[Cherry-Pick][BugFix][KVCache][Speculative Decoding] Fix get_max_chunk_tokens for PD-split decode node in MTP scenario(#7756) by EmmonsCurse · Pull Request #7758 · PaddlePaddle/FastDeploy

EmmonsCurse · 2026-05-09T07:31:08Z

Cherry-pick of #7756 (authored by @kevincheng2) to release/2.6.

devPR:#7756

Motivation

在 PD 分离 + MTP（Multi-Token Prediction）场景下，D 节点的 get_max_chunk_tokens() 返回值计算有误。

当前代码对 D 节点直接返回 max_num_seqs，未考虑 MTP 场景下每条 sequence 每个 decode step 实际处理 num_speculative_tokens + 1 个 token 的情况

Modifications

fastdeploy/config.py get_max_chunk_tokens() 方法中，D 节点 non-XPU 分支：

修改前：num_tokens = self.scheduler_config.max_num_seqs
修改后：num_tokens = self.scheduler_config.max_num_seqs * mtp_steps

其中 mtp_steps = num_speculative_tokens + 1（非 MTP 时为 1，完全向后兼容），与同文件 _check_max_num_batched_tokens 中 tokens_per_seq 的计算逻辑保持一致。

Usage or Command

Checklist

Add at least a tag in the PR title.
Format your code, run pre-commit before commit.
Add unit tests. 该修复为单行逻辑修正，与现有 speculative + PD 分离相关测试覆盖场景对齐；独立单元测试需要 MTP+PD 分离联合环境，暂未新增。
Provide accuracy results.

…PD-split decode node in MTP scenario (PaddlePaddle#7756)

paddle-bot · 2026-05-09T07:31:15Z

Thanks for your contribution!

PaddlePaddle-bot

🤖 Paddle-CI-Agent | pr_review | 2026-05-09 15:39:33

📋 Review 摘要

PR 概述：修复 PD 分离 + MTP 场景下，D 节点 get_max_chunk_tokens() 未乘以 mtp_steps 导致 token budget 估算偏低的问题
变更范围：fastdeploy/config.py（FDConfig 配置层）
影响面 Tag：[FDConfig] [KVCache] [Speculative Decoding]

📝 PR 规范检查

PR 描述缺少必填的 ## Accuracy Tests section，## Usage or Command 内容为空（模板要求填 N/A），Checklist 最后一条（cherry-pick 到 release 分支）应勾选 [x]。

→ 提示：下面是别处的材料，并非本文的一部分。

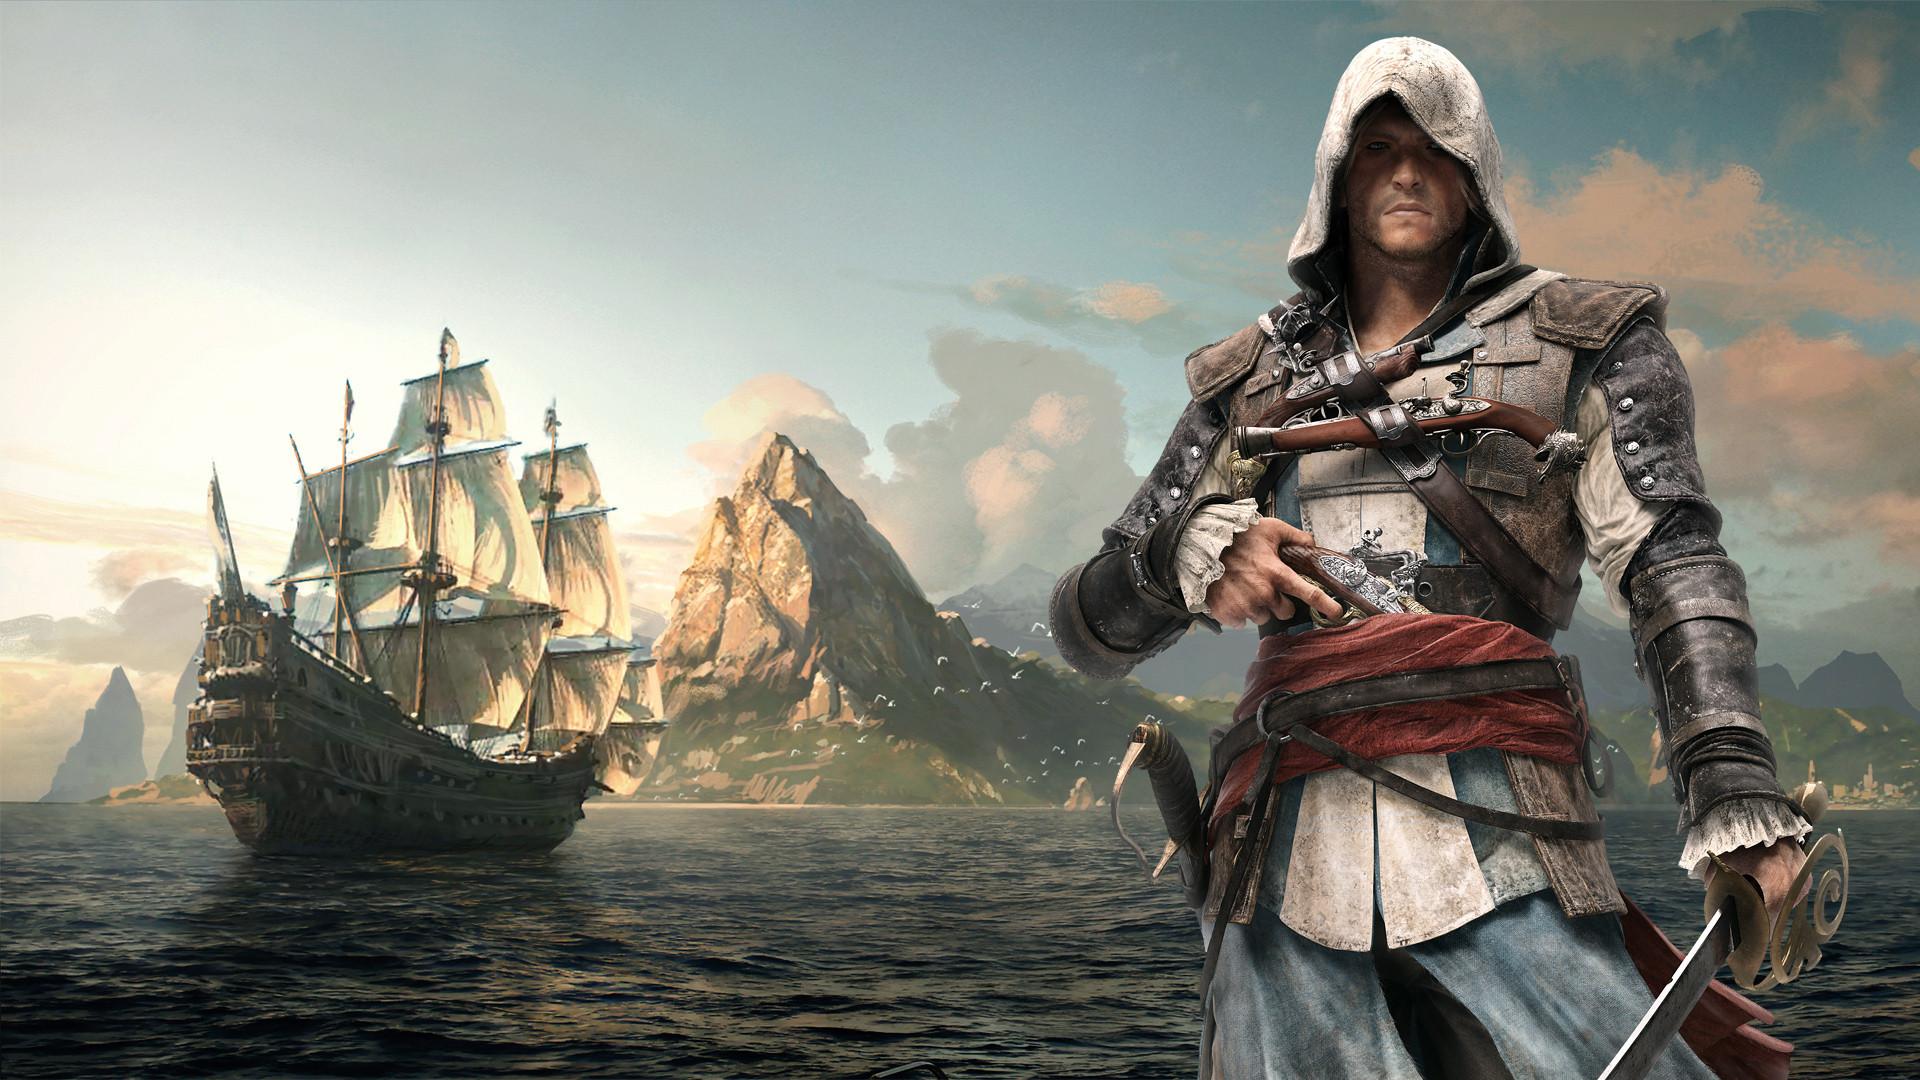 1920x1080 Assassins Creed Iv Black Flag Assassins Creed Iv Showdown Im Dschungel Screenshot
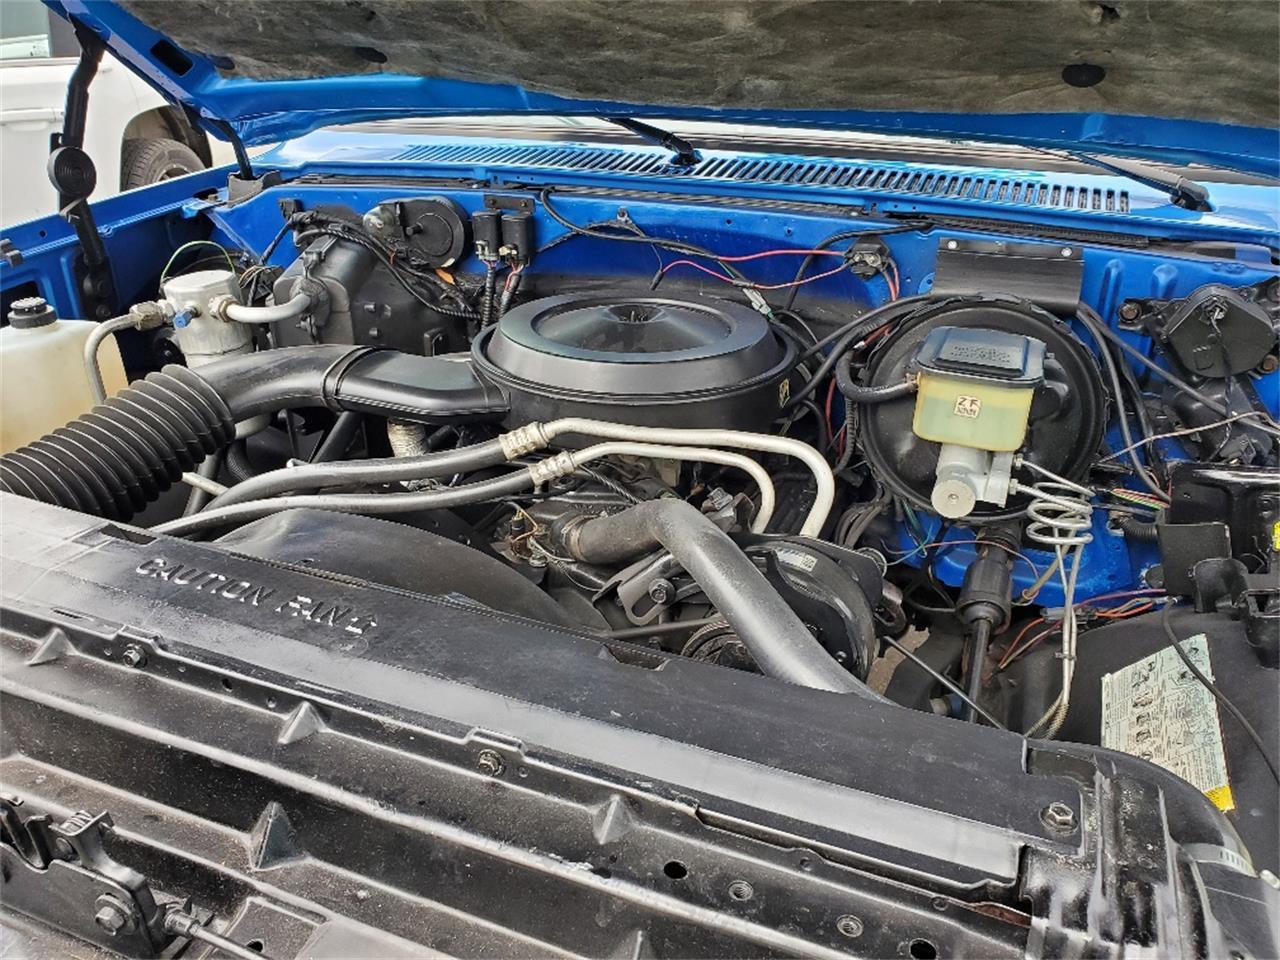 1987 Chevrolet Blazer (CC-1391253) for sale in Excelsior, Minnesota

标题格式合规，无需修改。

PR 描述建议（可直接复制，必须复刻 checklist §D2 模板的完整结构）：

## Motivation
在 PD 分离 + MTP（Multi-Token Prediction）场景下，D 节点的 `get_max_chunk_tokens()` 返回值计算有误。当前代码对 D 节点直接返回 `max_num_seqs`，未考虑 MTP 场景下每条 sequence 每个 decode step 实际处理 `num_speculative_tokens + 1` 个 token 的情况，导致 token budget 估算偏低。

## Modifications
`fastdeploy/config.py` `get_max_chunk_tokens()` 方法中，D 节点 non-XPU 分支：

- 修改前：`num_tokens = self.scheduler_config.max_num_seqs`
- 修改后：`num_tokens = self.scheduler_config.max_num_seqs * mtp_steps`

其中 `mtp_steps = num_speculative_tokens + 1`（非 MTP 时为 1，完全向后兼容），与同文件 `check()` 中 `tokens_per_seq` 的计算逻辑保持一致。

## Usage or Command
N/A

## Accuracy Tests
N/A

## Checklist

- [x] Add at least a tag in the PR title.
  - Tag list: [`[FDConfig]`,`[APIServer]`,`[Engine]`, `[Scheduler]`, `[PD Disaggregation]`, `[Executor]`, `[Graph Optimization]`, `[Speculative Decoding]`, `[RL]`, `[Models]`, `[Quantization]`, `[Loader]`, `[OP]`, `[KVCache]`, `[DataProcessor]`, `[BugFix]`, `[Docs]`, `[CI]`, `[Optimization]`, `[Feature]`, `[Benchmark]`, `[Others]`, `[XPU]`, `[HPU]`, `[GCU]`, `[DCU]`, `[Iluvatar]`, `[Metax]`]
  - You can add new tags based on the PR content, but the semantics must be clear.
- [x] Format your code, run `pre-commit` before commit.
- [ ] Add unit tests. 该修复为单行逻辑修正，与现有 speculative + PD 分离相关测试覆盖场景对齐；独立单元测试需要 MTP+PD 分离联合环境，暂未新增。
- [ ] Provide accuracy results.
- [x] If the current PR is submitting to the `release` branch, make sure the PR has been submitted to the `develop` branch, then cherry-pick it to the `release` branch with the `[Cherry-Pick]` PR tag.

问题

级别	文件	概述
📝 PR 规范	—	描述缺少 `## Accuracy Tests` section；`## Usage or Command` 为空应填 N/A；Checklist 末项（cherry-pick 到 release）应勾选 `[x]`

总体评价

修复逻辑正确，mtp_steps 计算与 check() 中 tokens_per_seq 完全对齐，speculative_config is None 时 mtp_steps=1 保持向后兼容。仅 PR 描述结构需补全规范，代码本身无阻塞性问题。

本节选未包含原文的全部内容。